Indistinguishable from prejudice

“Any sufficiently advanced technology is indistinguishable from magic,” said Arthur C. Clarke famously.

It is also the case that any sufficiently advanced technology is indistinguishable from prejudice.

Especially if that technology is machine learning. ML creates algorithms to categorize stuff based upon data sets that we feed it. Say “These million messages are spam, and these million are not,” and ML will take a stab at figuring out what are the distinguishing characteristics of spam and not spam, perhaps assigning particular words particular weights as indicators, or finding relationships between particular IP addresses, times of day, lenghts of messages, etc.
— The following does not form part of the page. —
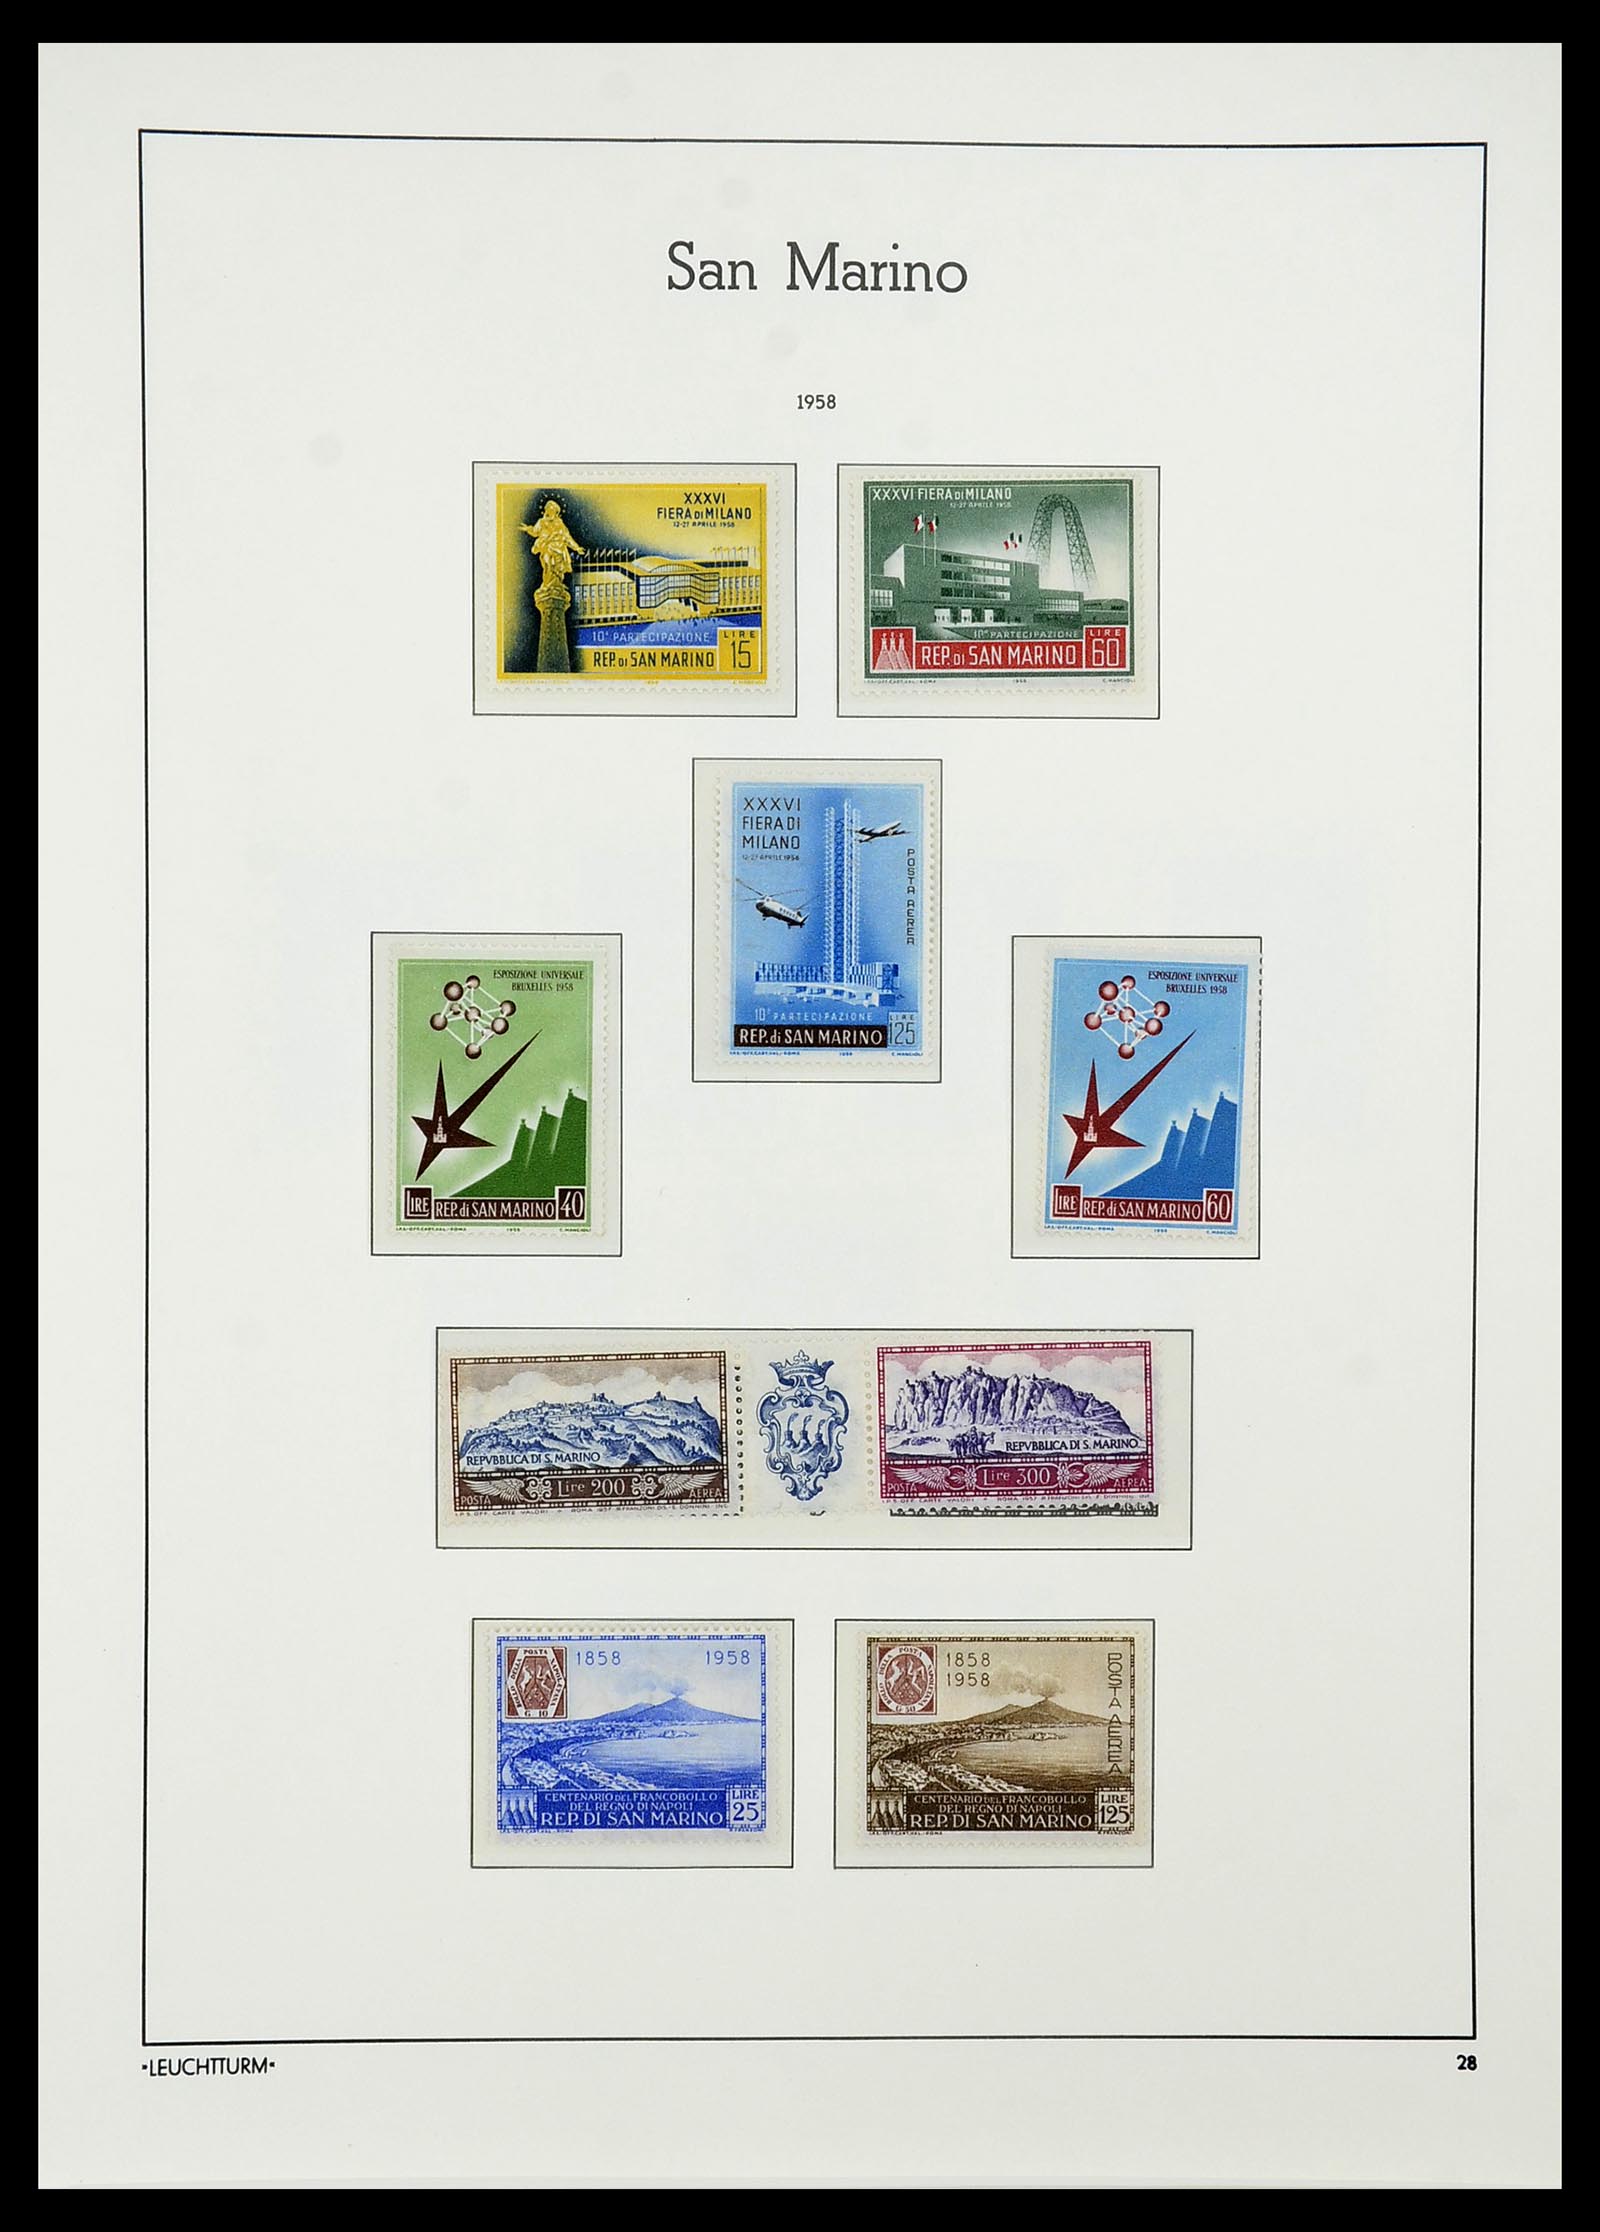 34243 063 - Stamp collection 34243 San Marino 1877-2008.

Now complicate the data and the request, run this through an artificial neural network, and you have Deep Learning that will come up with models that may be beyond human understanding. Ask DL why it made a particular move in a game of Go or why it recommended increasing police patrols on the corner of Elm and Maple, and it may not be able to give an answer that human brains can comprehend.

We know from experience that machine learning can re-express human biases built into the data we feed it. Cathy O’Neill’s Weapons of Math Destruction contains plenty of evidence of this. We know it can happen not only inadvertently but subtly. With Deep Learning, we can be left entirely uncertain about whether and how this is happening. We can certainly adjust DL so that it gives fairer results when we can tell that it’s going astray, as when it only recommends white men for jobs or produces a freshman class with 1% African Americans. But when the results aren’t that measurable, we can be using results based on bias and not know it. For example, is anyone running the metrics on how many books by people of color Amazon recommends? And if we use DL to evaluate complex tax law changes, can we tell if it’s based on data that reflects racial prejudices?[1]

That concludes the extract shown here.